6.2 OpenAI (AI Assistant)
When you use the AI assistant feature, your ECG data and questions are processed by OpenAI. This data transmission occurs only when you explicitly request AI analysis. OpenAI's data processing is governed by their privacy policy.
6.3 RevenueCat (Subscriptions)
We use RevenueCat to manage subscriptions. They process payment information through Apple's App Store. We do not have access to your payment card details.
6.4 Supabase (Authentication & Storage)
User accounts and preferences are managed through Supabase, which provides secure, GDPR-compliant data storage.
7. Your Rights (GDPR)
Under the General Data Protection Regulation (GDPR), you have the following rights:
- Right of Access: Request a copy of your personal data
- Right to Rectification: Correct inaccurate personal data
- Right to Erasure: Request deletion of your personal data
- Right to Portability: Receive your data in a portable format
- Right to Restrict Processing: Limit how we use your data
- Right to Object: Object to processing of your data
- Right to Withdraw Consent: Withdraw consent at any time
To exercise these rights, contact us at hello@heartlab.it.
8. Data Retention
We retain your data according to the following policies:
- Account Data: Until you delete your account
- Health Data: Stored locally until you delete the app or clear data
- Usage Analytics: Anonymized and retained for up to 24 months
You can delete your account and all associated data at any time through the app settings.
9. Children's Privacy
HeartLab is not intended for use by children under 17 years of age. We do not knowingly collect personal information from children. If you believe a child has provided us with personal data, please contact us immediately.

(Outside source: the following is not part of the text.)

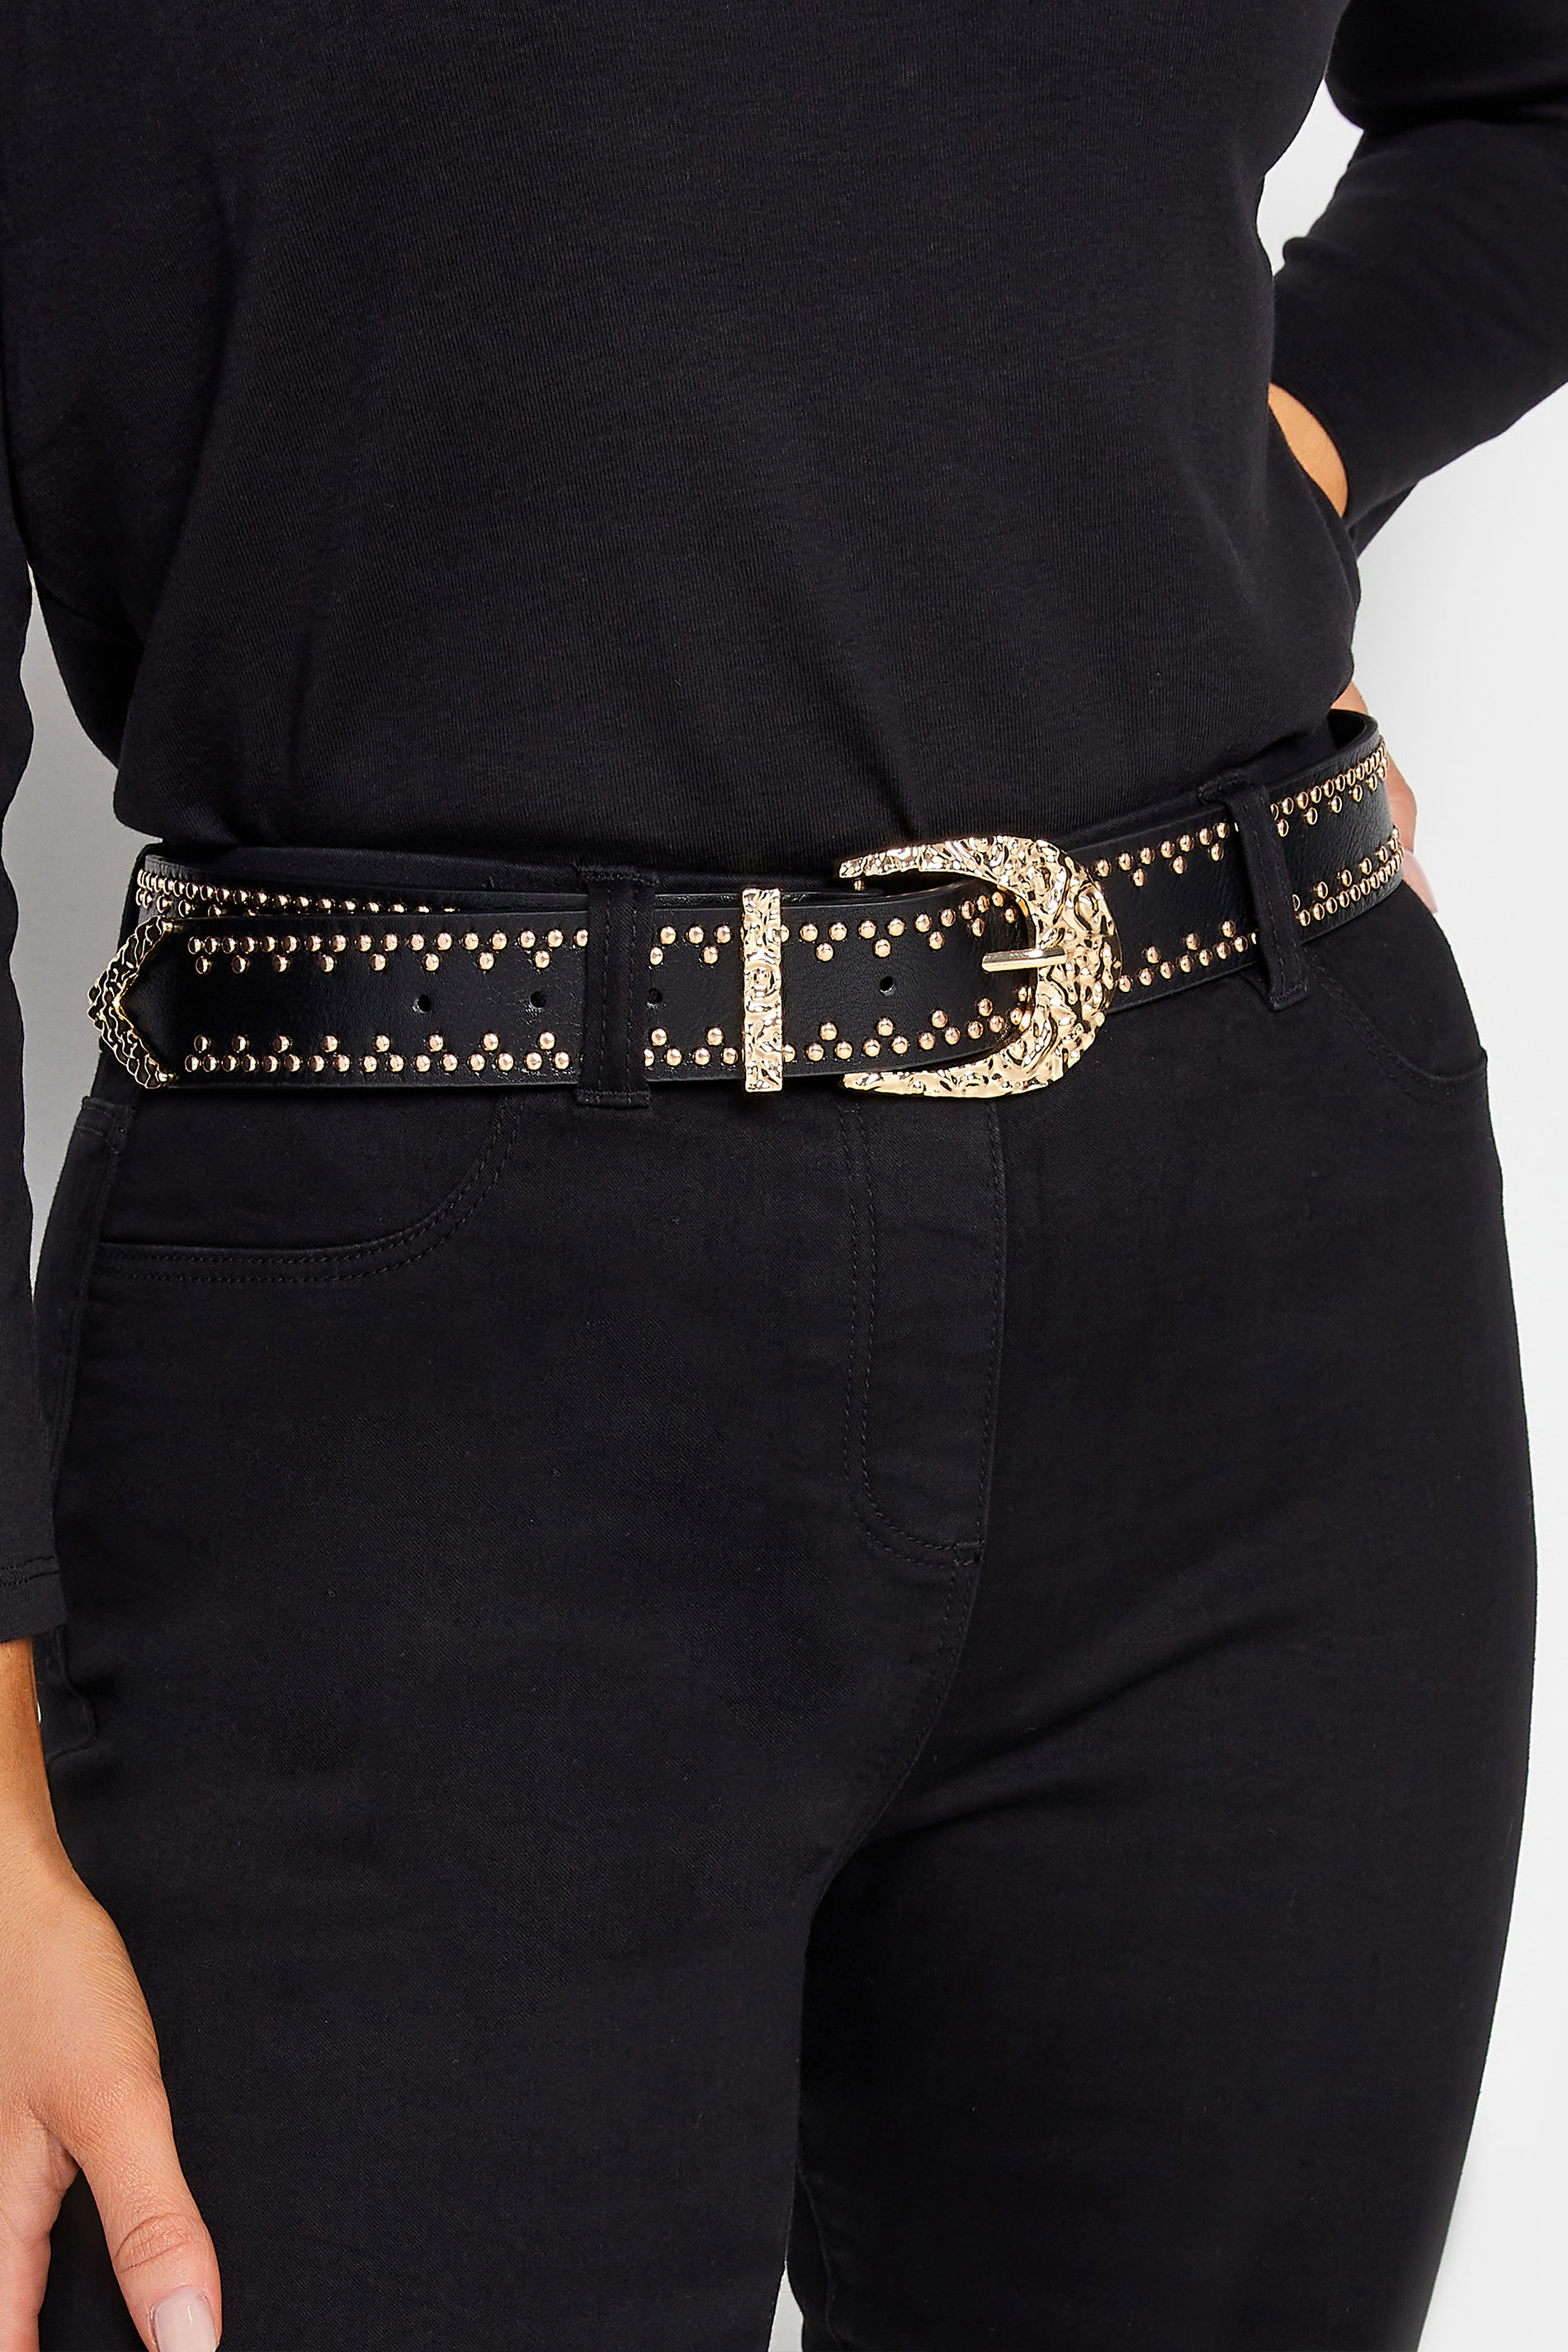 Black Studded Textured Buckle Belt | Yours Clothing 1

10. International Data Transfers
Your data may be transferred to and processed in countries outside your country of residence. We ensure appropriate safeguards are in place, including:
- Standard Contractual Clauses approved by the European Commission
- Services certified under recognized data protection frameworks
11. Changes to This Policy
We may update this Privacy Policy from time to time. We will notify you of any significant changes by:
- Posting the new policy in the App
- Updating the "Last updated" date
- Sending an email notification for material changes
12. Data Protection Authority
If you have concerns about our data processing, you have the right to lodge a complaint with a supervisory authority. For EU residents:
Italian Data Protection Authority (Garante)
Piazza Venezia 11
00187 Rome, Italy
www.garanteprivacy.it
13. Contact Us
If you have questions about this Privacy Policy or our data practices, please contact us:
- Email: hello@heartlab.it
- Support: hello@heartlab.it
- Website: heartlab.it
Remember: HeartLab is NOT a medical device and does not provide medical diagnoses. Always consult a qualified healthcare professional for medical advice.